Task description: For this exercise, retype all the data exactly and exclude every image.

Data shown:
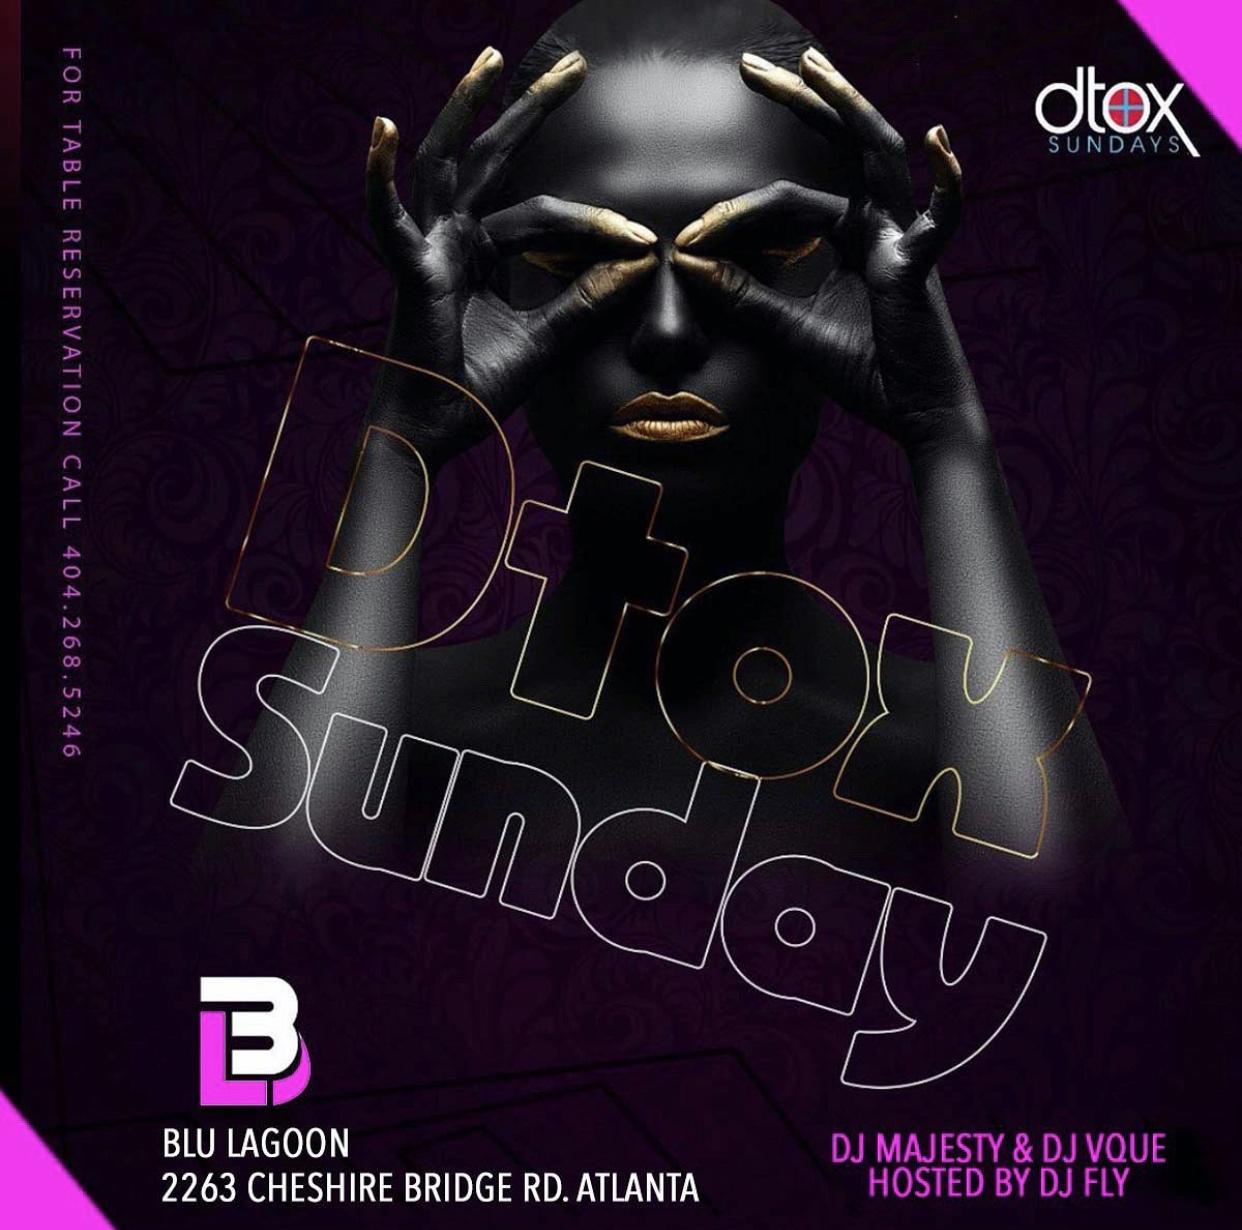 DTOX Sundays
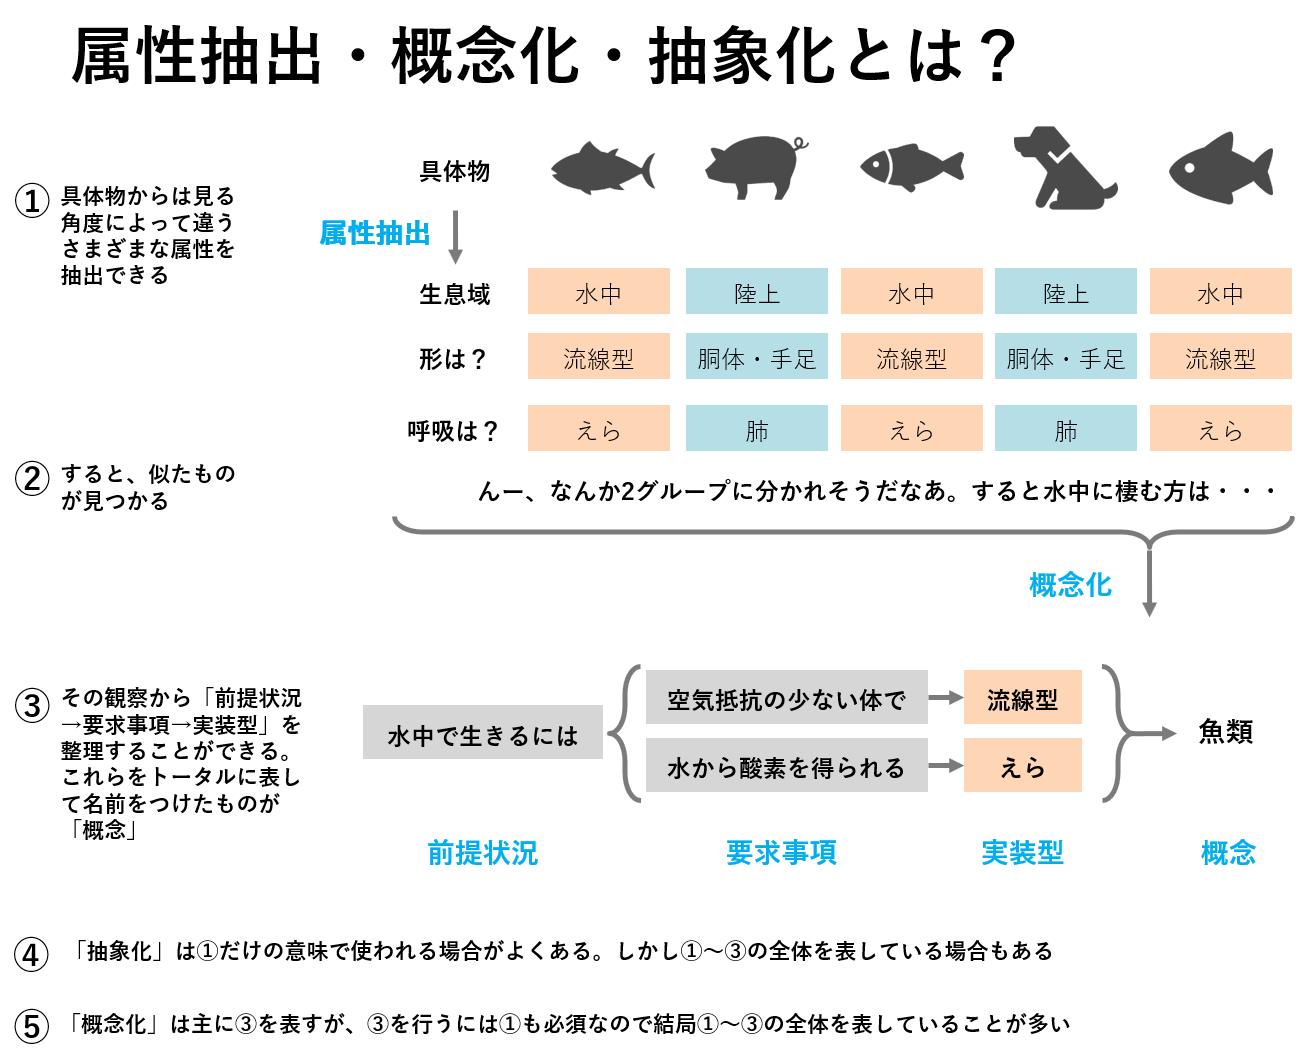 https://blogs.itmedia.co.jp/doc-consul/capture181220-165314-1168.png
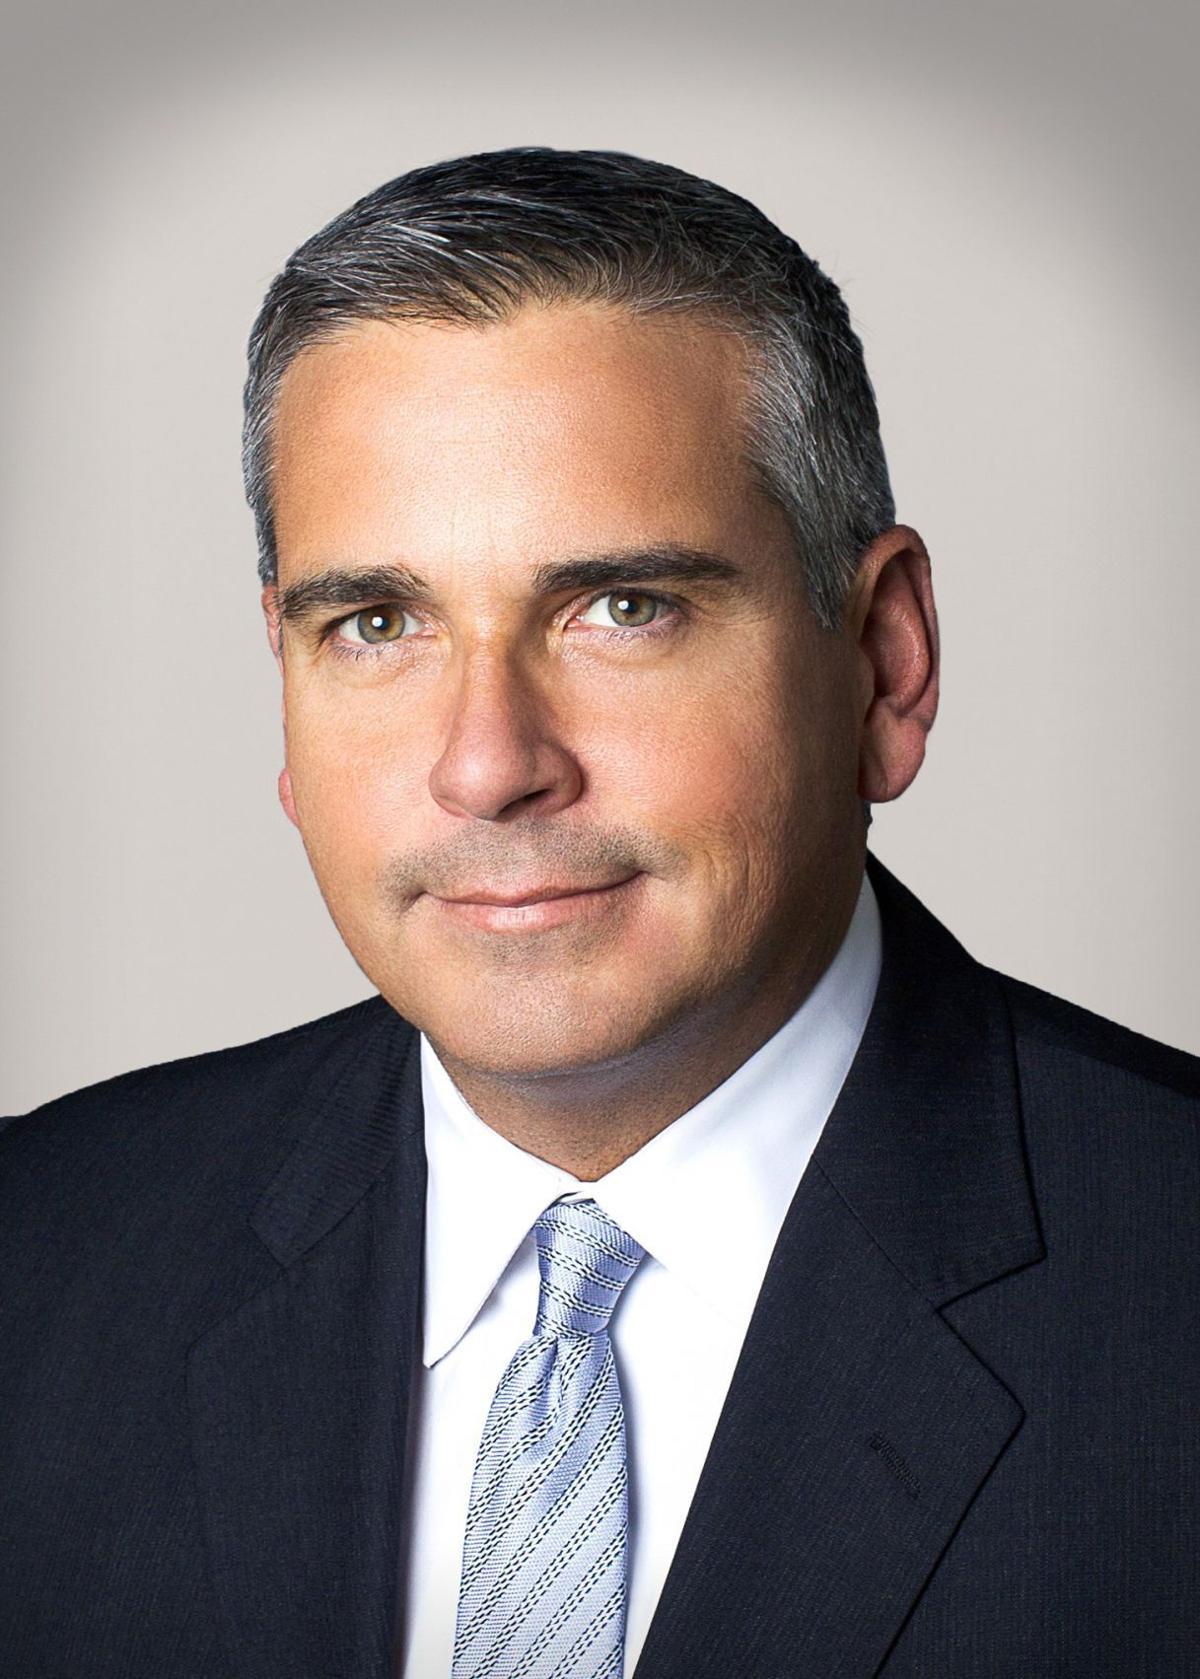 Iowa state Sen. Matt McCoy

Finished task:
 DTOX Sundays
 https://blogs.itmedia.co.jp/doc-consul/capture181220-165314-1168.png
 Iowa state Sen. Matt McCoy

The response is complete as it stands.